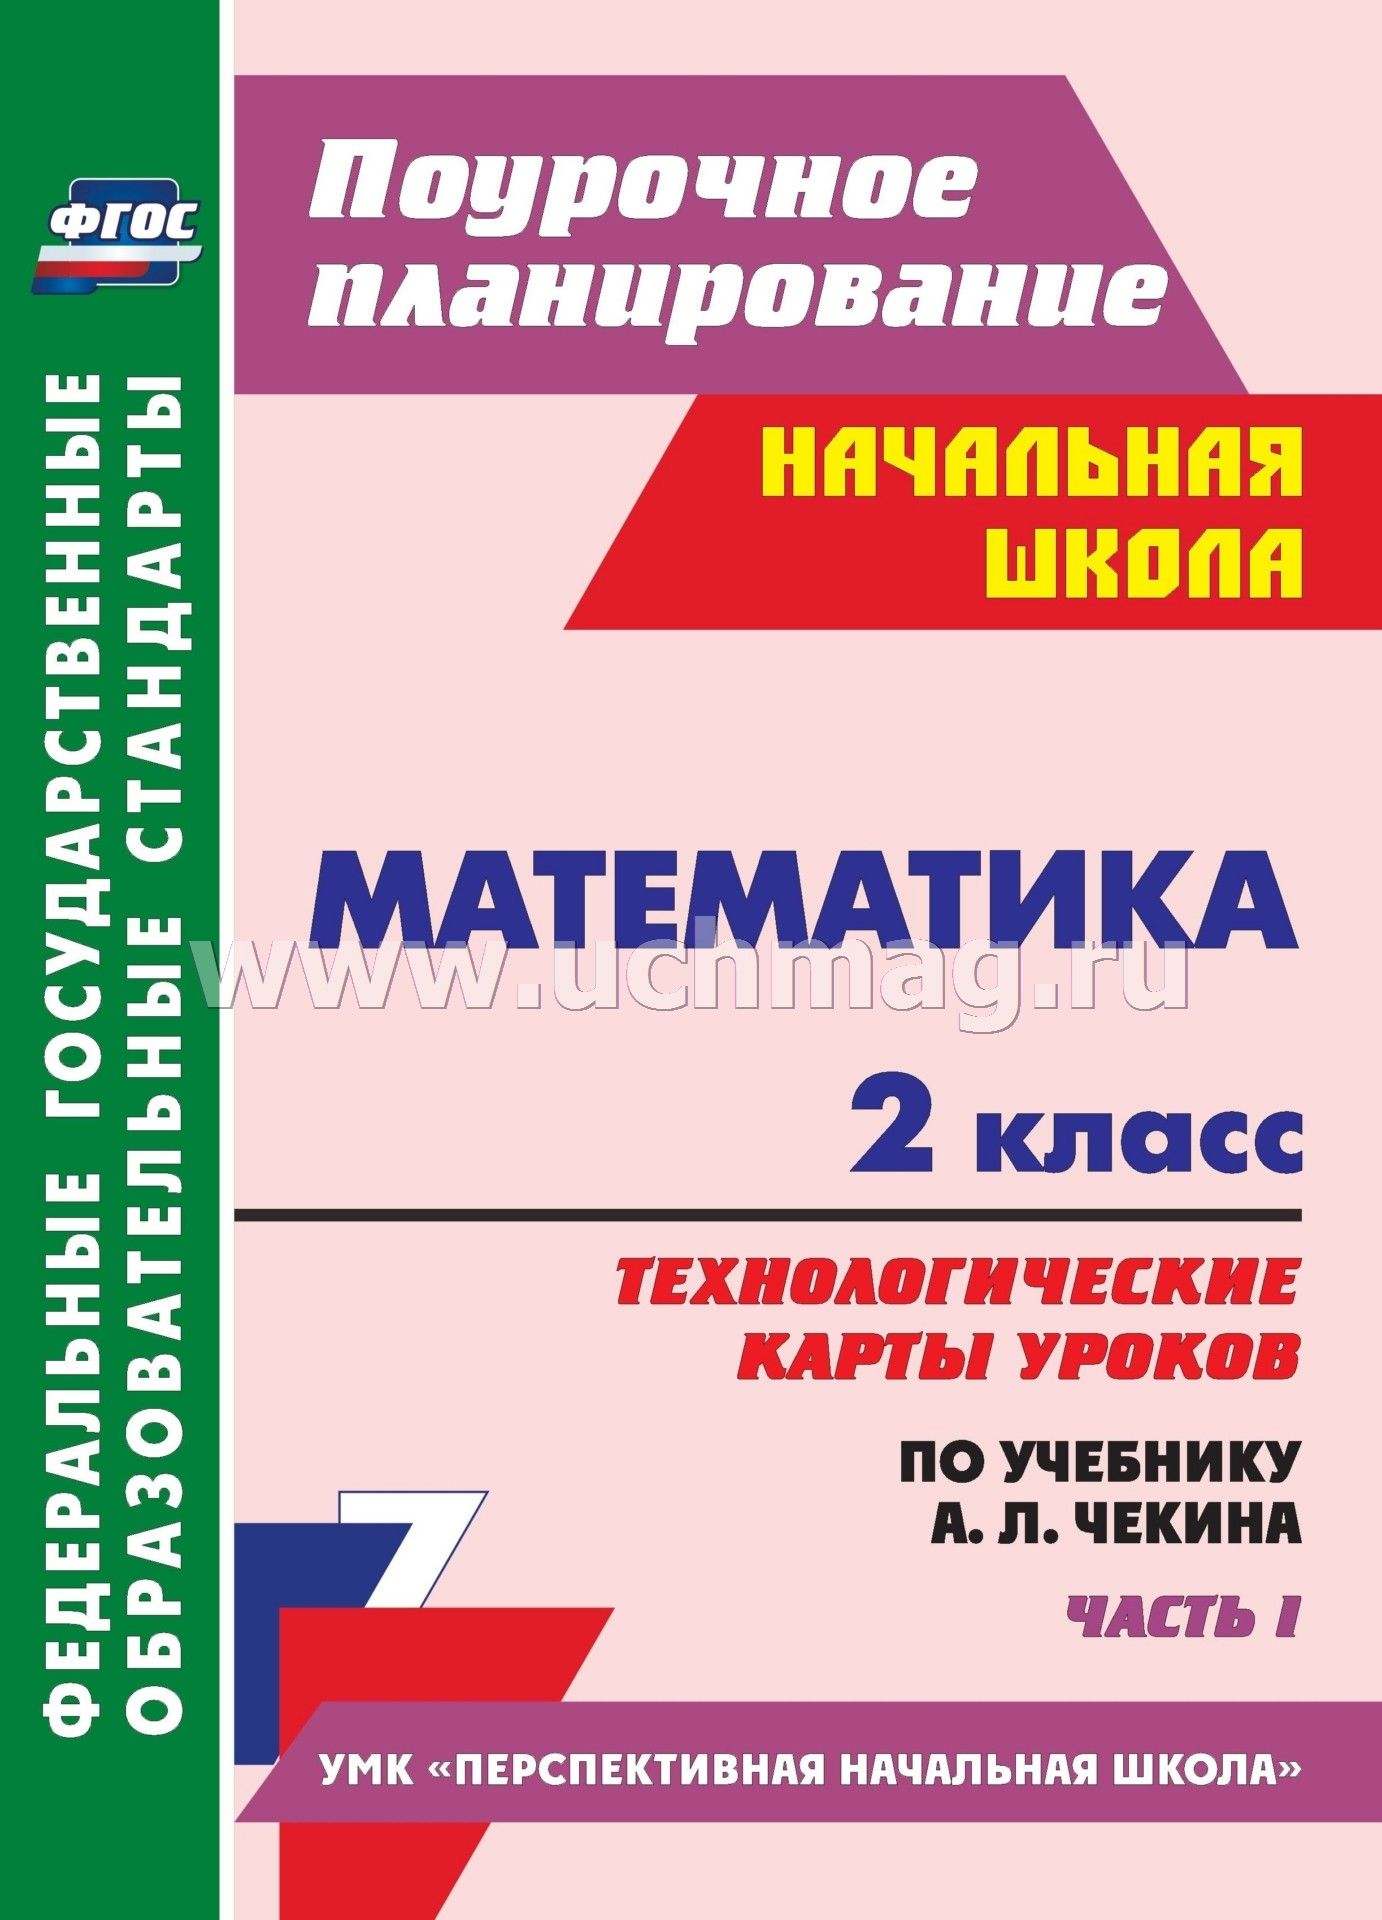 Решебник по Математике 4 Класс Демидова 2 Класс Часть
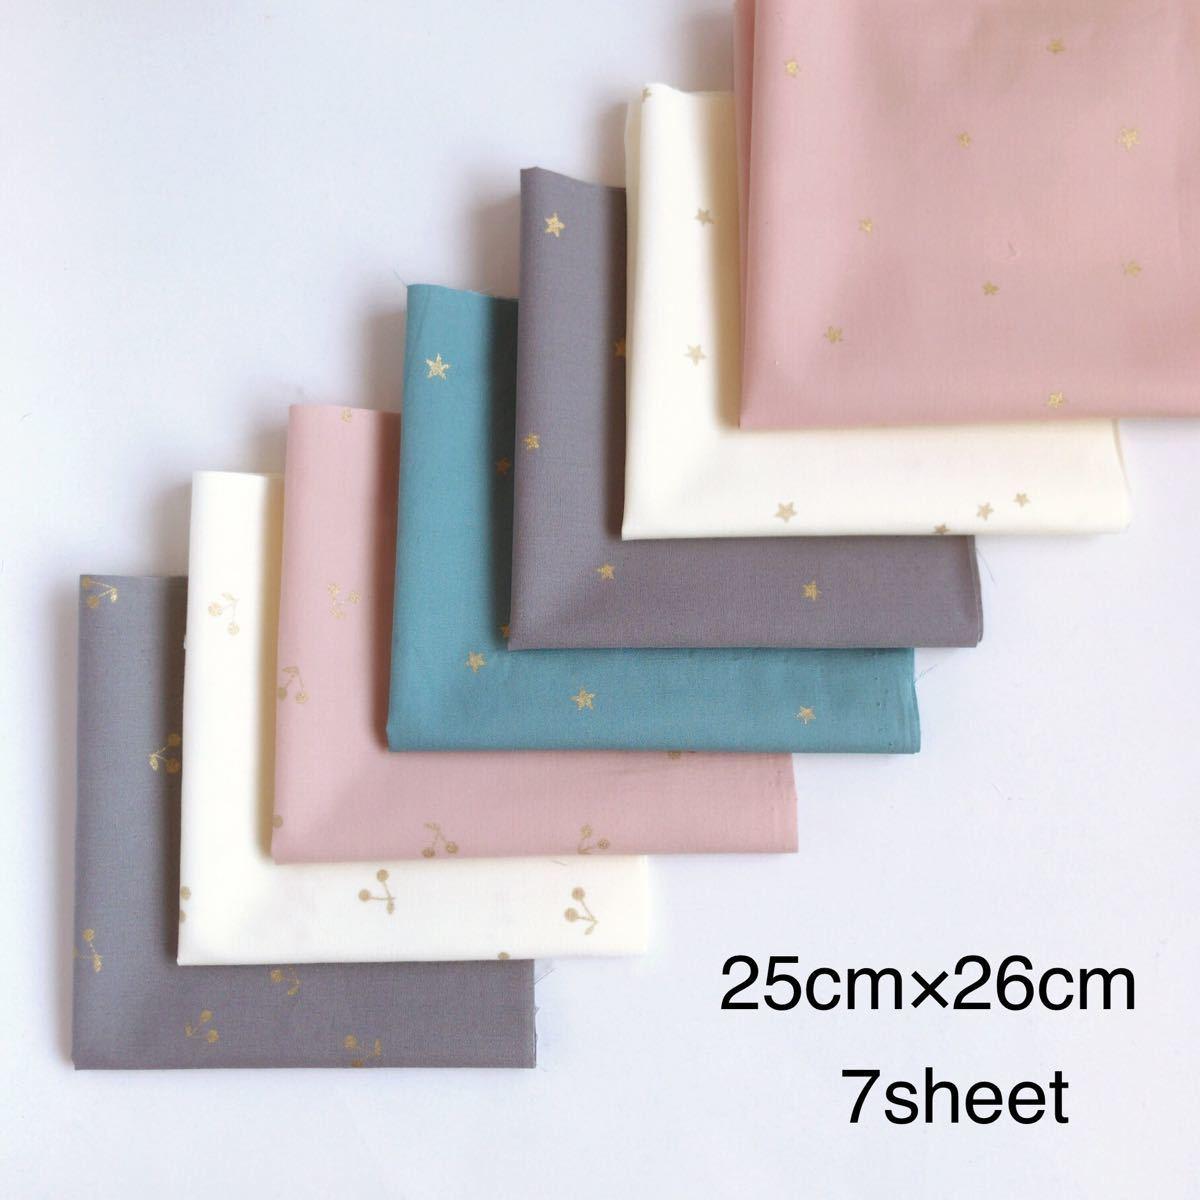 カットクロス 7枚 生地*チェリー 3色*星降るブロード4色 くすみカラー ハンドメイド 小物作り はぎれ
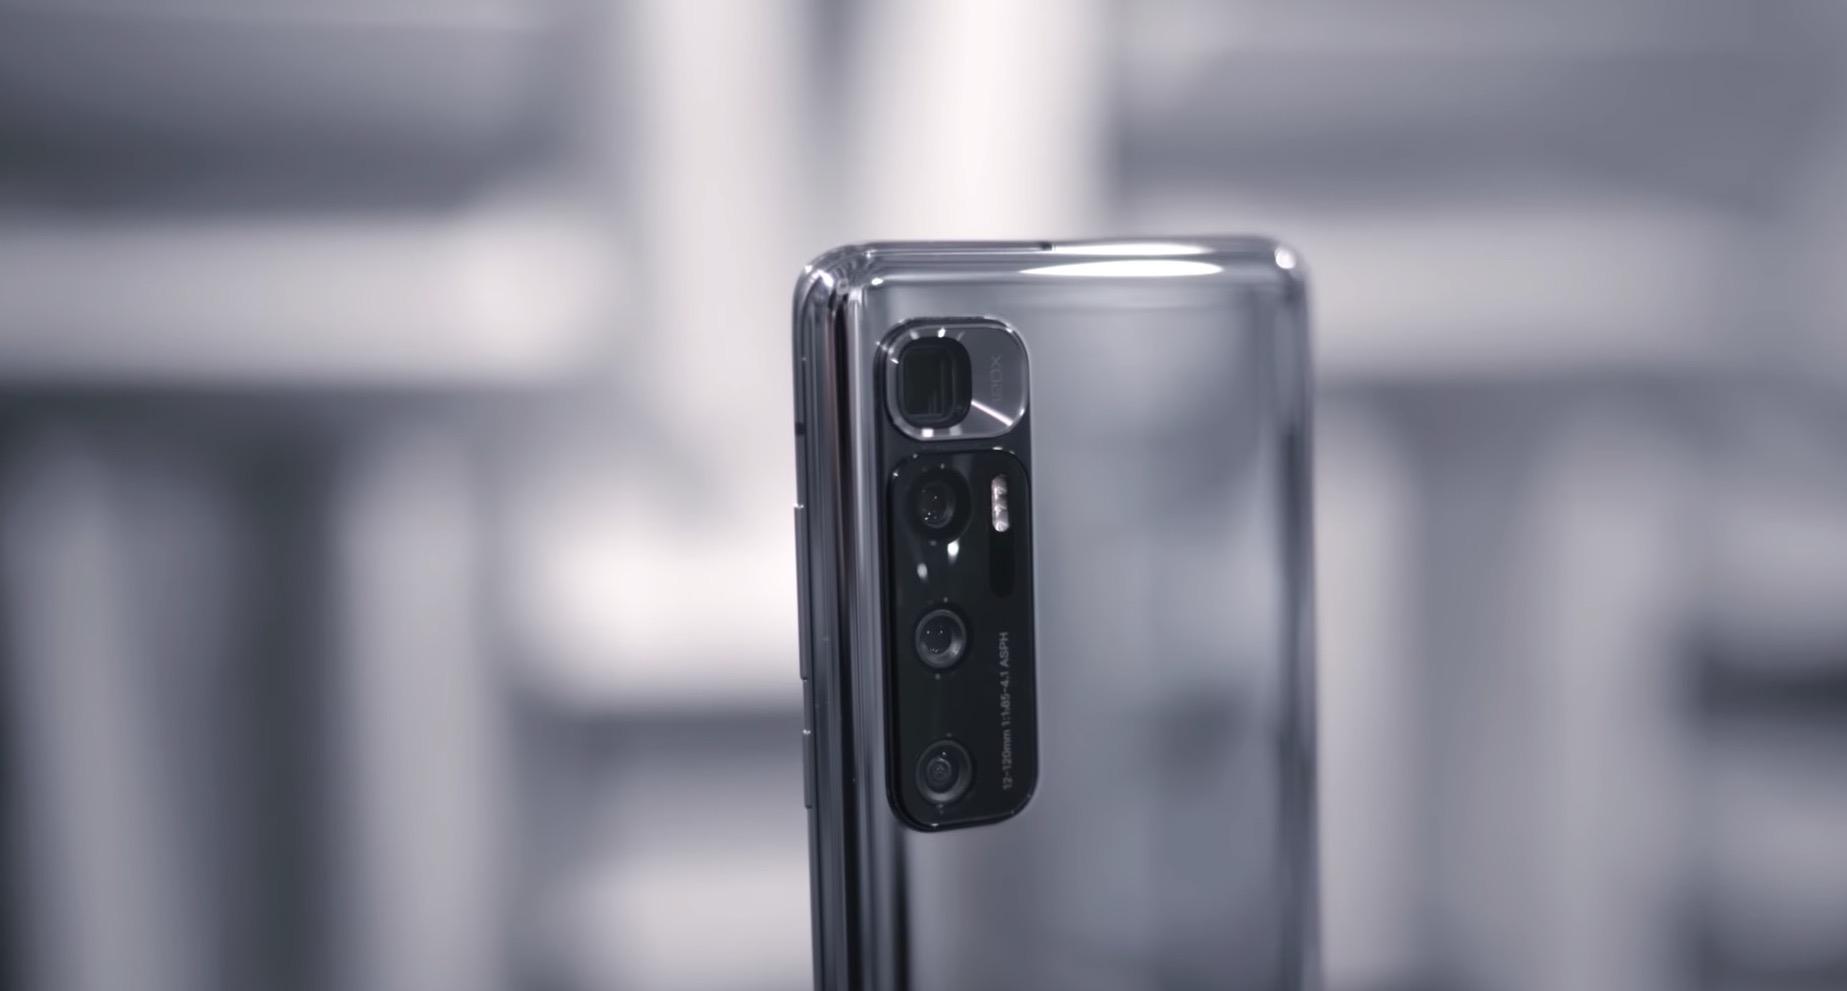 Toàn cảnh Mi 10 Ultra CHÍNH THỨC - Siêu Khủng với Zoom 120X, Chip Đỉnh nhưng giá rất Xiaomi

####################

PROBLEM STATEMENT: Only the lines from the one containing "カットクロス 7枚 生地*チェリー" through the final line of the data are to be written out, exactly as they stand and without pictures.

ANSWER FOR THIS EXERCISE:
 カットクロス 7枚 生地*チェリー 3色*星降るブロード4色 くすみカラー ハンドメイド 小物作り はぎれ
 Toàn cảnh Mi 10 Ultra CHÍNH THỨC - Siêu Khủng với Zoom 120X, Chip Đỉnh nhưng giá rất Xiaomi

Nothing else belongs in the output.